Indeed, the success of the law can be seen in Gov. Glen Youngkin’s new executive order ostensibly promoting recycling while overturning a previous order from Ralph Northam that required executive agencies to give up single-use plastics by 2025. General Assembly members are also falling for the propaganda, proposing via the state budget to delay the ban on polystyrene food containers that was to have taken effect beginning next year. 

Banning the bans: the gas industry fights building electrification

RNG and plastics are important for the gas industry, but protecting its market share in the building sector is central to its future. Ultimately it is doomed to failure. All-electric buildings are a requirement for a fully decarbonized economy, and their health and safety advantages make a compelling case for localities that want to help meet climate targets by preventing new homes from being connected to gas lines. Some cities in solidly blue states have banned new gas hook-ups; elsewhere, red state legislatures are passing laws to ban the bans.

Public support for these bans will grow as people learn more about the hazards of using gas in their homes. Read enough stories about methane leaking from underground pipes and in homes (and occasionally exploding and setting fire to buildings), or about the health impacts of indoor air pollution from gas heaters and stoves, and you may wonder why we ever thought it a good idea to have open flames in our homes. Yet once a house is built with a gas furnace and appliances, it is much harder for a homeowner to go all-electric. 

To be clear, though, no Virginia jurisdiction has sought to ban gas connections, and it’s not clear whether they could do so in a Dillon Rule state like Virginia. Right now, a law to keep them from doing so sounds a little on the hysterical side, like prohibiting people from walking tigers off-leash. 
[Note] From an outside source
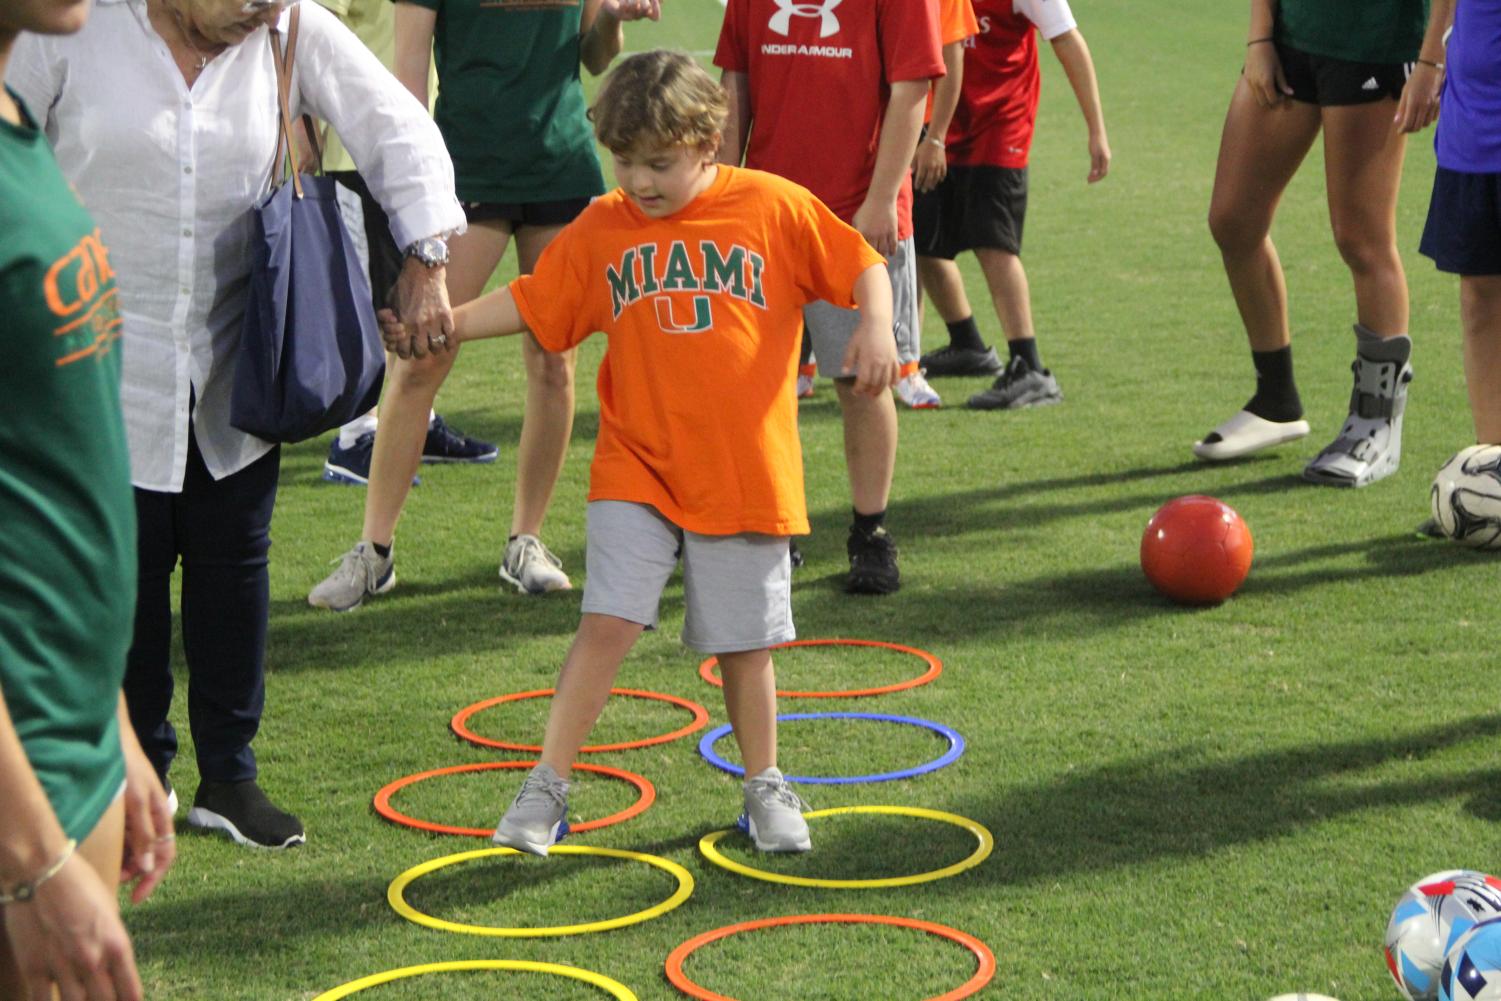 Empowering+Down+Syndrome+Individuals+Through+Mr.+Paz%E2%80%99s+Soccer+Clinic

Indeed, the proponents of HB1257 could cite only a much narrower threat. The City of Richmond recently committed itself to achieving net zero greenhouse gas emissions by 2050. Unlike almost any other city in Virginia, Richmond owns a gas utility that serves its residents and businesses. Sometime in the next 28 years, if the city is serious, it will have to sell the utility or shut down gas service, forcing customers to look elsewhere if they want gas. 

The gas industry and its industrial customers used this far-off threat as a pretext for a Virginia ban-the-ban bill. In its original form, HB1257 (Kilgore) declared it the right of every person to access natural gas, calling this “energy justice,” and explicitly forbidding any public entity from doing anything to interfere with this sacred right. (Oh, except that gas utilities don’t have to supply gas even to willing customers if they can’t make money doing so, and they are free to cut off service to anyone who can’t pay their bills. Justice stretches only so far as profit permits.) 

The Republican-led House passed the whole bill, but the Democratic-led Senate pared it back to deal just with a locality that gets out of the gas utility business, requiring that it give three years’ notice and try to sell or auction off the utility. The final version omits the “energy justice” language that was such an inspiring tribute to George Orwell, but it solves the “immediate” problem in Richmond. 

But it’s not likely that we have seen the end of legislative efforts in Virginia to ban local restrictions on natural gas connections. The gas industry needs to lock in new customers now, because its future is looking very bleak indeed.